During the rest of the stay, the dose of prophylactic enoxaparin was adjusted based on the Anti-Xa factor levels within the target range of 0.30 IU/mL to 0.59 IU/mL. The mean Anti-Xa factor level was 0.48 IU/mL (0.39−0.59). A total of 62% (100/160) of the patients fell within the target range (0.30 IU/mL to 0.59 IU/mL) while 25% (24/160) within ranges ≥0.60 IU/mL. Enoxaparin doses > 60mg/24h (OR, 4.57; 95%CI, 3.17–6.60; P < .001) and C-reactive protein levels < 175mg/dL (OR, 2.30; 95%CI, 1.28–4.11; P = .002) were independently associated with an increased risk of obtaining Anti-Xa factor values ≥0.60 IU/mL (above the target range) in the multivariate analysis (Supplementary Table S1).The median adjusted enoxaparin dose at the stay was 60 (53−73) mg/24h, which is significantly higher in patients with BMI>30 of 60 (55−80) mg/24h vs. 60 (40−70) mg/24h (P=.01). No variables independently associated with the development of thrombotic events were seen (Supplementary Table S2).

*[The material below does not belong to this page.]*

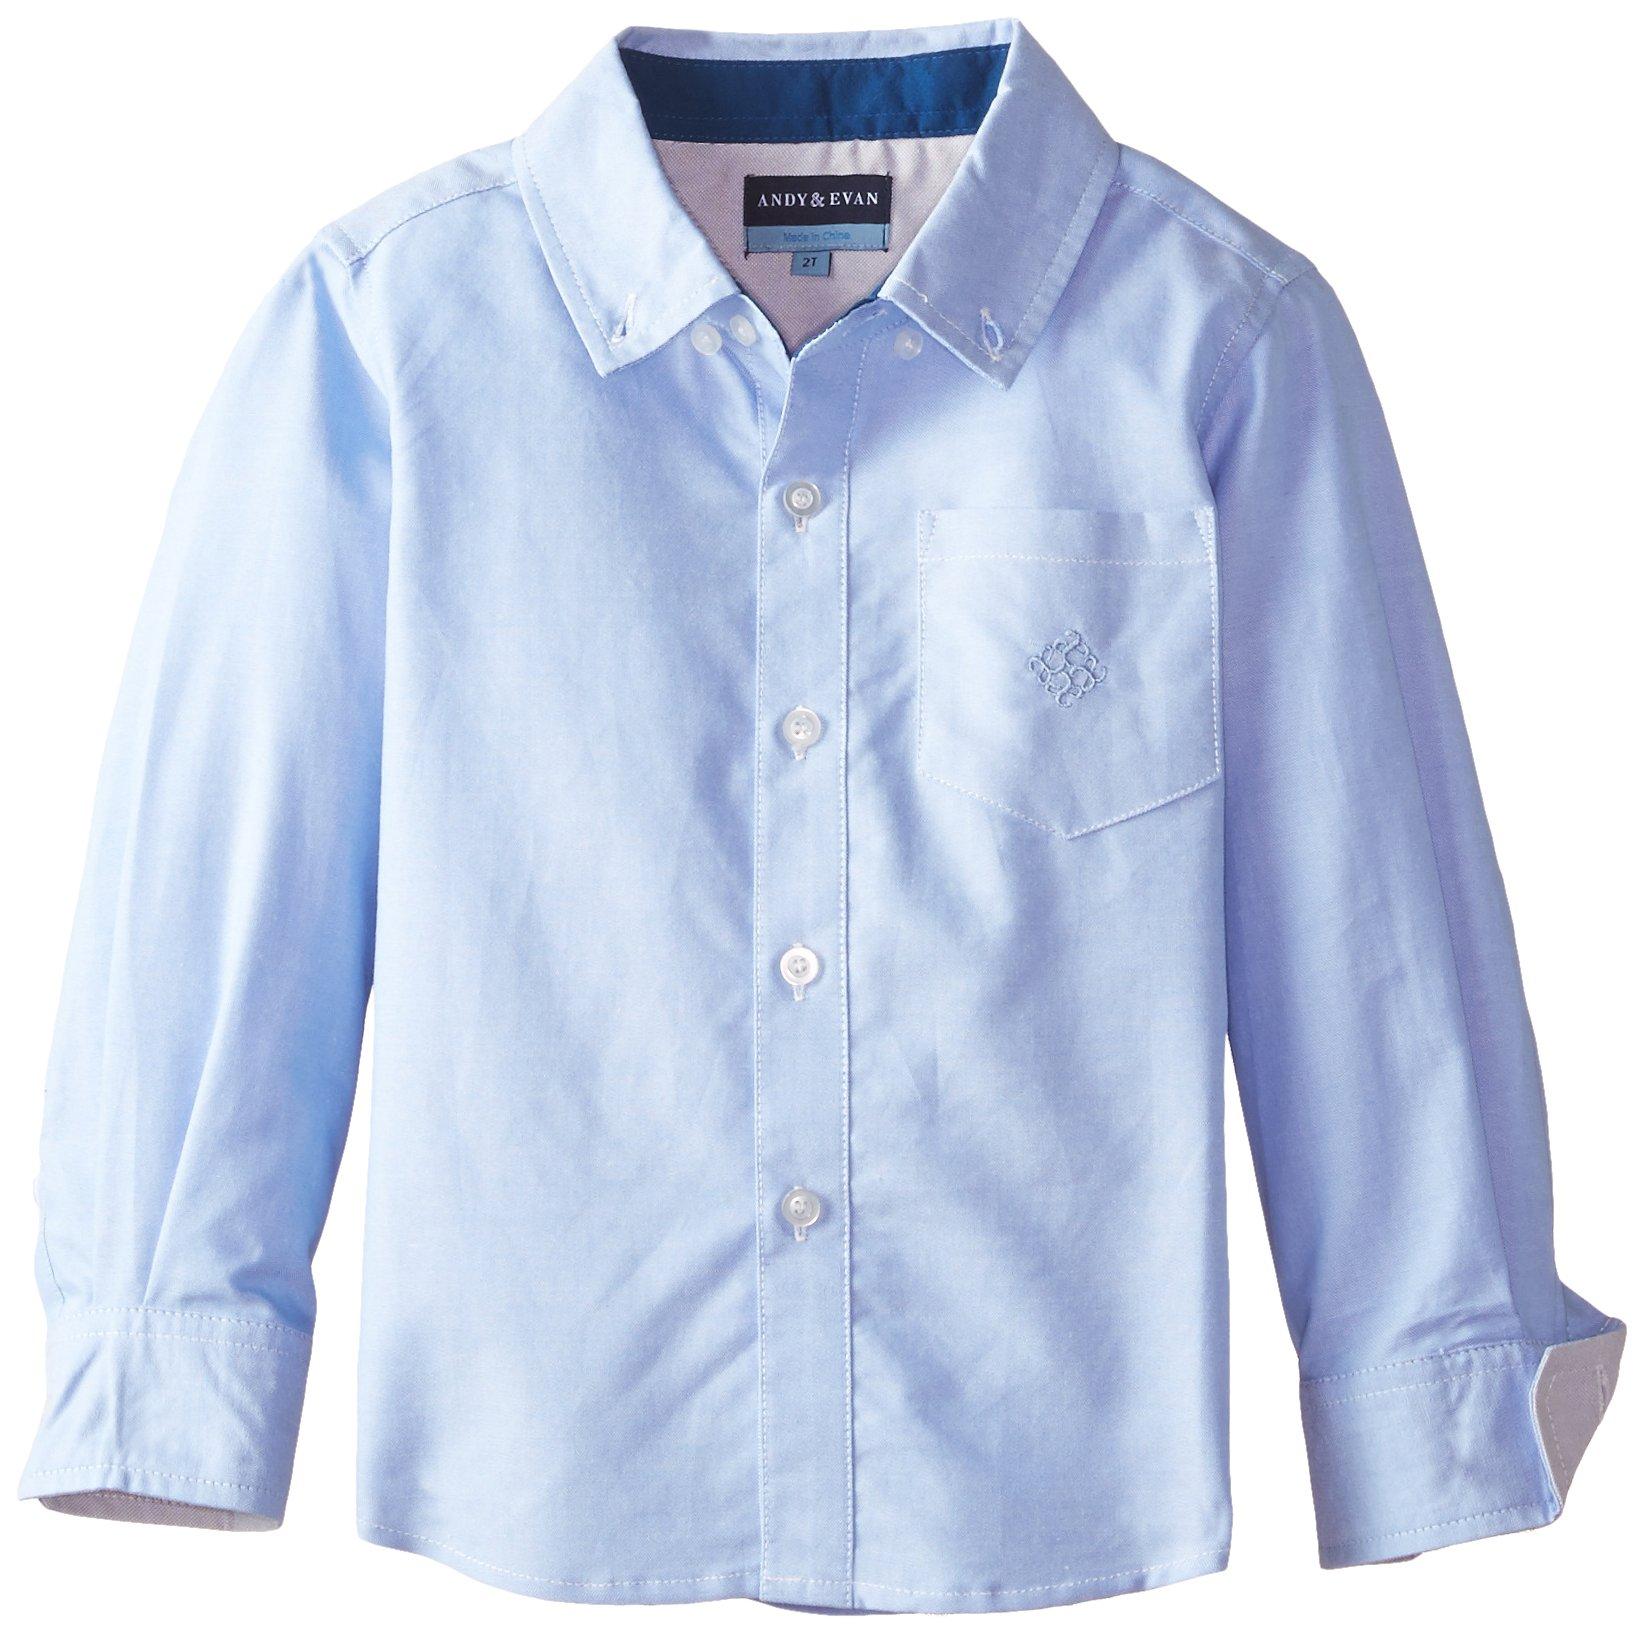 Andy & Evan Little Boys' Toddler Oxford Shirt, Light Blue, 3T

Currently, new studies on the management and prevention of thrombosis in patients with COVID-19 are being published like the INSPIRATION, REMAP-CUP, ATTACC, ACTIV-4a, etc. However, key aspects such as the appropriate dose of LMWH and possible optimization through Anti-Xa factor levels2,3 have not yet been clarified. In our experience, we saw that although steering the dose of prophylactic enoxaparin resulted in 62% of patients having mean Anti-Xa factor levels within the target range, 25% showed higher ranges (≥0.60 IU/mL). Higher doses of heparin (enoxaparin >60mg/24h) and lower C-reactive protein levels (<175mg/dL) were independently associated with a higher risk of overdose. Bösch J et al. found that elevated C-reactive protein values can play a role in resistance to LMWH activity, which could explain why patients from our study with lower values were more exposed to overdose.8 Although levels above the target range can potentially pose a greater risk of complications, only 6% had levels ≥0.70 IU/mL, and the rate of major bleeding was 4%, not particularly higher compared to that described in the medical literature (2%–6%).6,7,9

In this study, the dose of enoxaparin administered at the ICU stay was 60mg/24h (p25−57, 50−73mg). These doses are similar to those reported in former studies (median, 60mg/24h, 50mg/24h to 80mg/24h) that used monitoring with similar target levels (0.4 IU/mL to 0.5 IU/mL) 6. Mohamed A et al. found a high rate of overdose (48%) when intermediate doses (0.5mg/kg/12h) are administered—which is one of the strategies recommended in the medical literature available—and the Anti-Xa levels are monitored.3,7 The risk of overdose could have been higher if this regimen had been used without monitoring given the high rate of obesity (67%) and elevated levels of acute phase reactants found in our cohort.2,3,7

Finally, the objective of steering the dose of enoxaparin based on the Anti-Xa factor is to reduce the risk of thrombotic events. We should mention that, in our study, we found rates of 9%, which is the lower border limit of what has been reported by the medical literature available (9%–26%). However, this analysis is limited because we did not conduct a systematic search for thrombotic events meaning that some events may have been underdiagnosed.2,3

We are aware of the limitations of the study as it is observational and retrospective in nature and includes a non-systematic search for thrombotic events. Also, the size of its sample is limited. In addition, the target range proposed, although similar to that from former studies, is controversial with significant variability in publications (eg, surgical patients, 0.1 IU/mL to 0.3 IU/mL vs other COVID-19 studies, 0.3 IU/mL to 0.7 IU/mL).5,10 Still, we believe that this clinical experience can be useful regarding the design of future studies.

In conclusion, in this study of critically ill patients with COVID-19-induced pneumonia, the Anti-Xa factor levels obtained at the ICU stay allowed us to adjust doses of prophylactic enoxaparin. Nonetheless, there is a high risk of overdose especially in patients with higher enoxaparin doses and lower C-reactive protein levels.